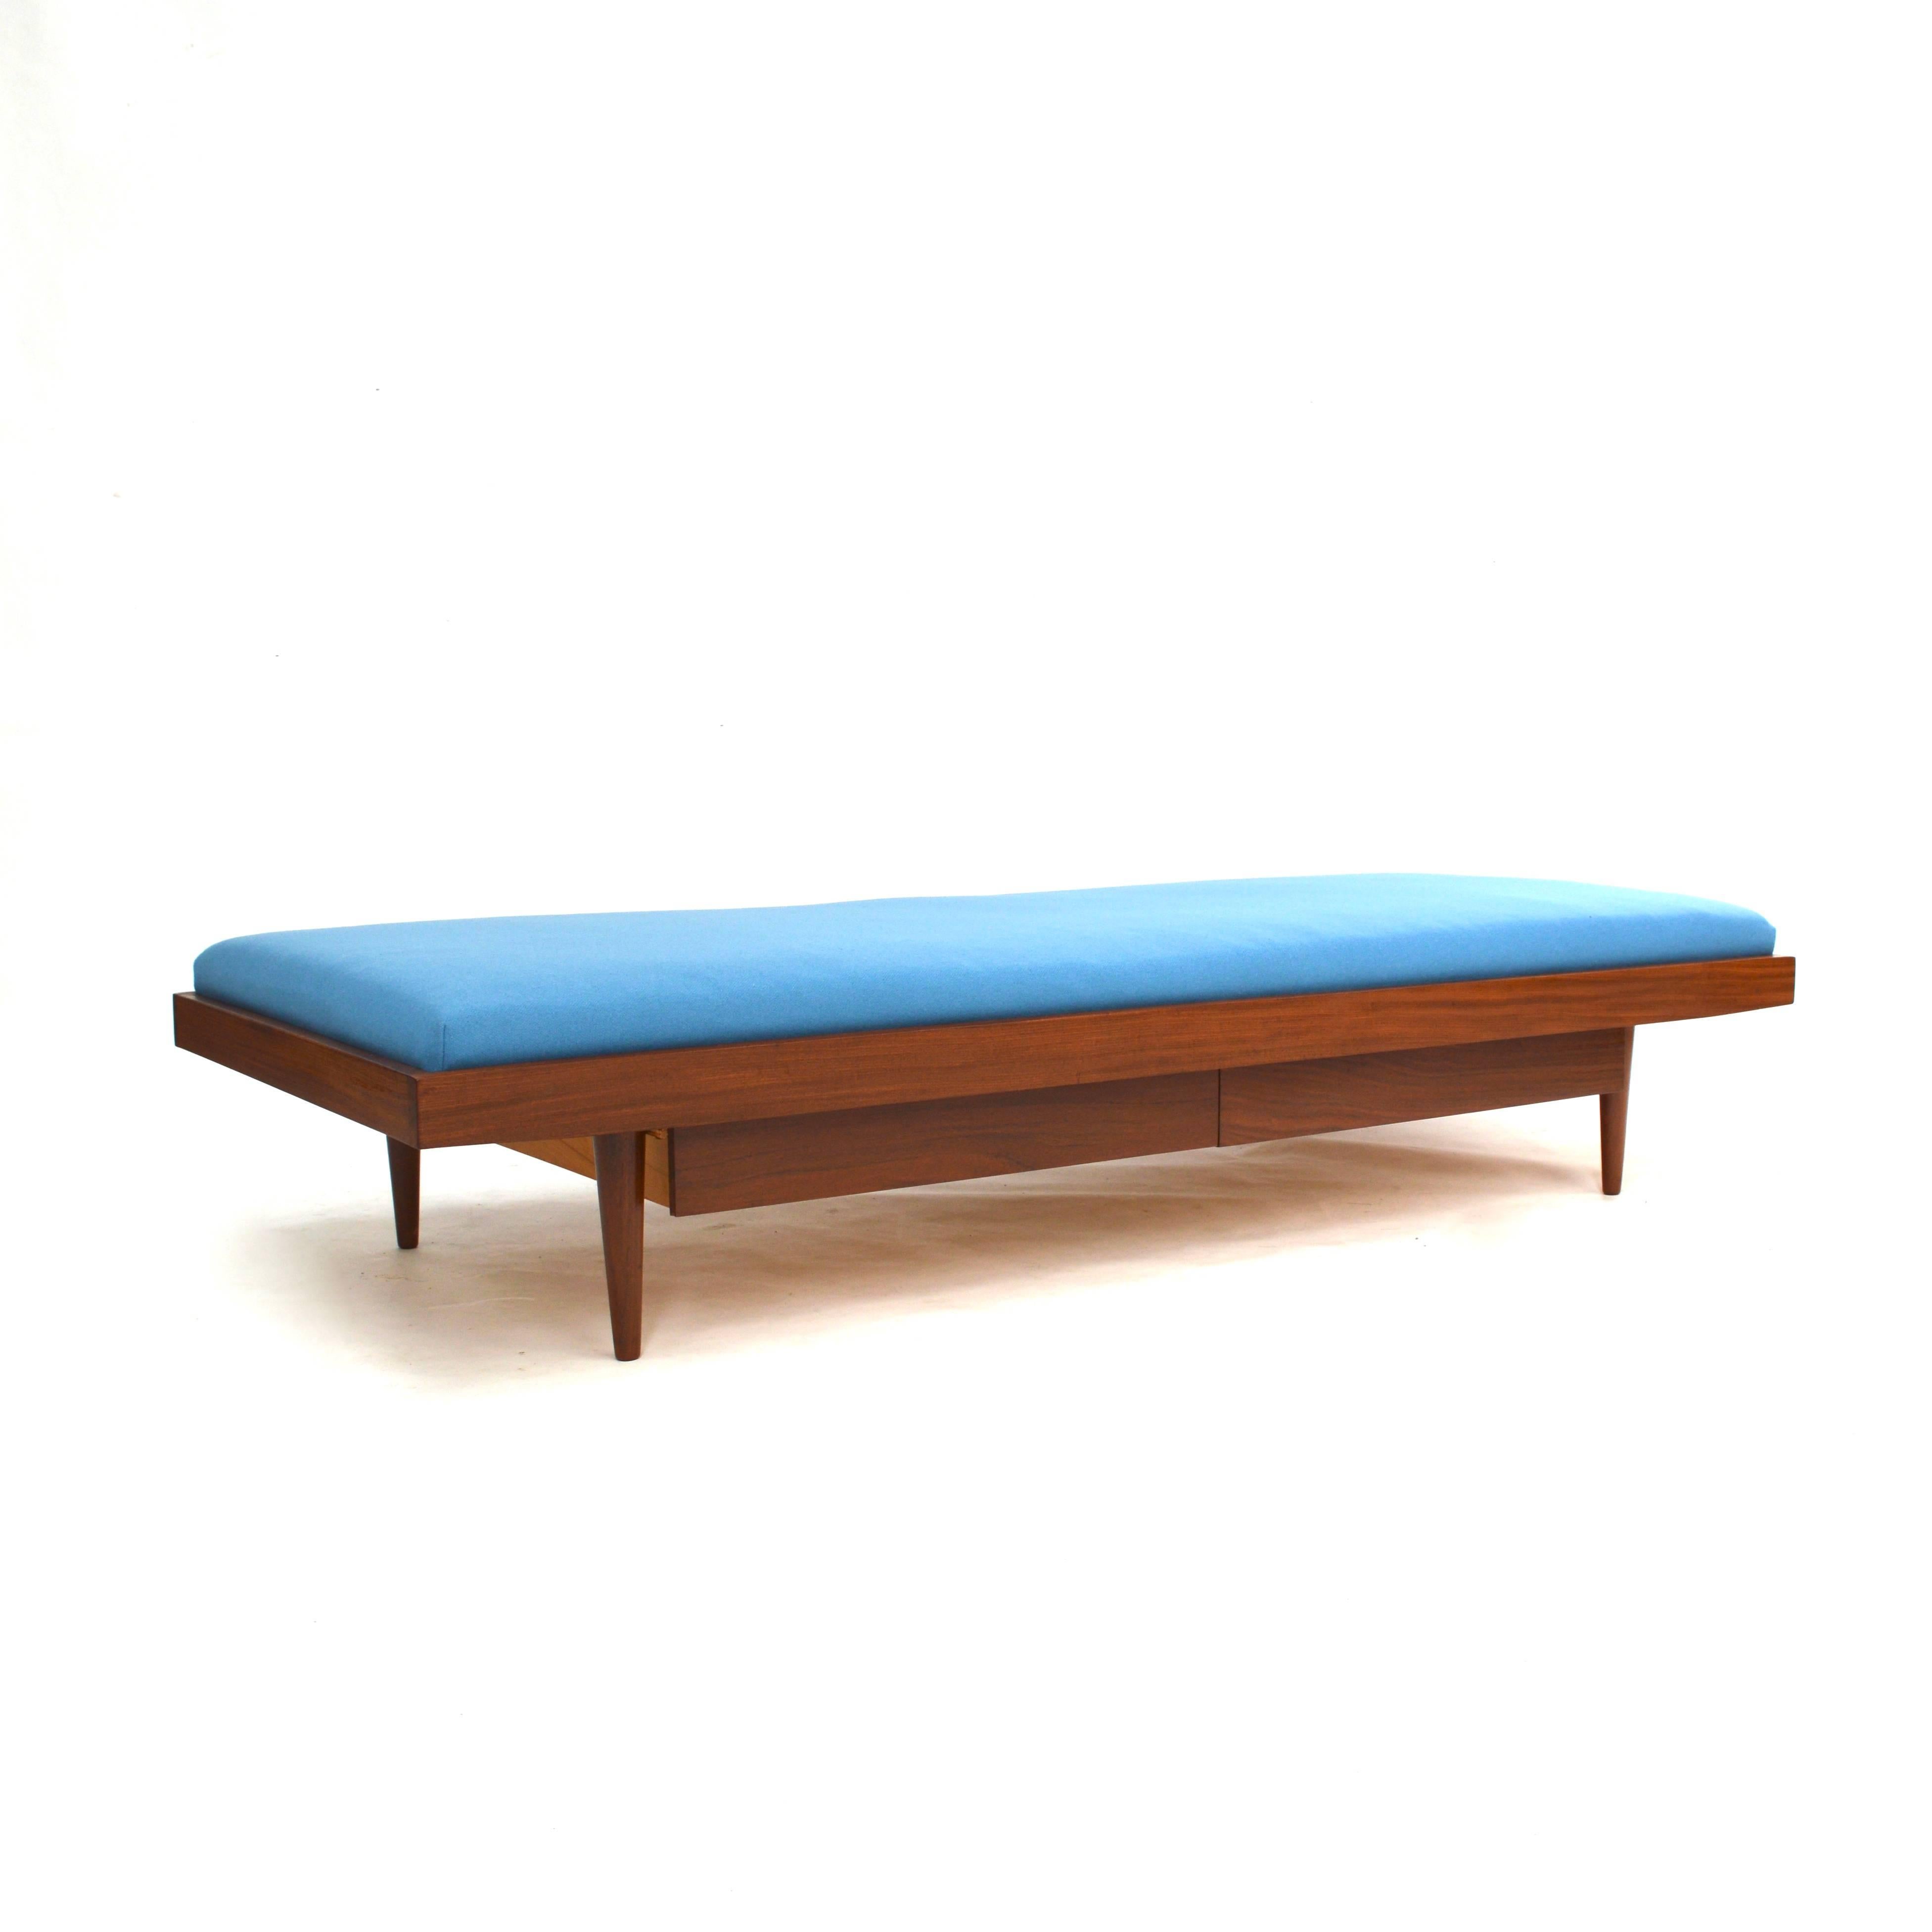 Gorgeous daybed available in sky blue upholstery. New upholstery and new foam interior. 

Designer: Unknown

Manufacturer: Unknown

Country: Netherlands

Model: Daybed with two drawers

Design period: 1950s

Date of manufacturing:
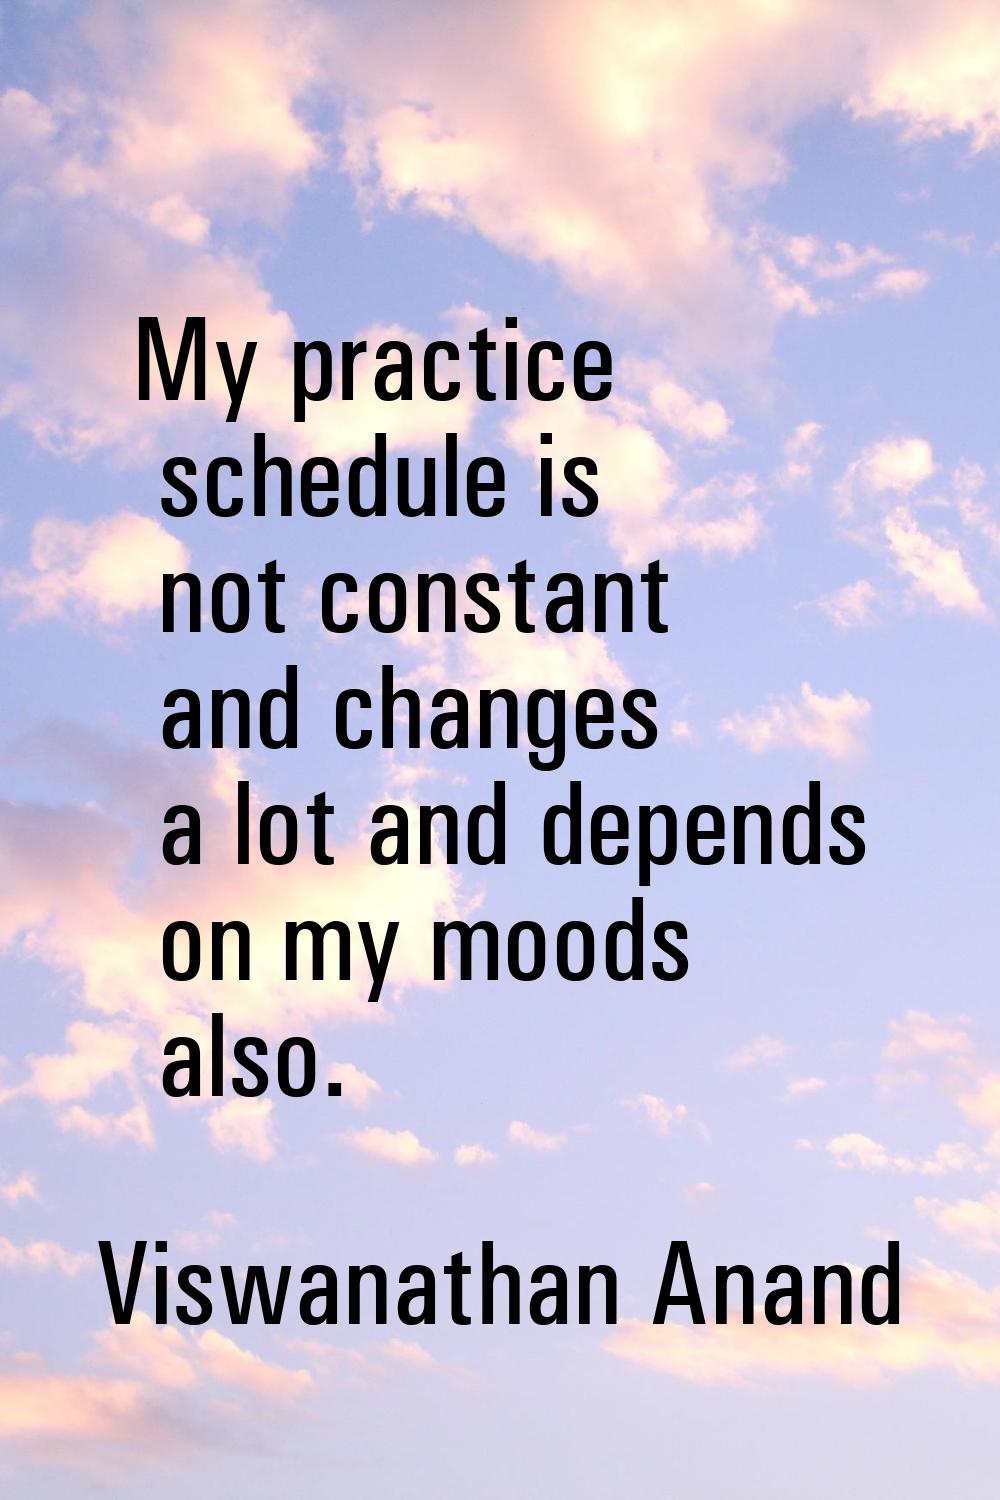 My practice schedule is not constant and changes a lot and depends on my moods also.

Your goal:
Go through the material and set it down again exactly, but without any pictures.

Response to this task:
 Gorgeous daybed available in sky blue upholstery. New upholstery and new foam interior. 

Designer: Unknown

Manufacturer: Unknown

Country: Netherlands

Model: Daybed with two drawers

Design period: 1950s

Date of manufacturing:
 My practice schedule is not constant and changes a lot and depends on my moods also.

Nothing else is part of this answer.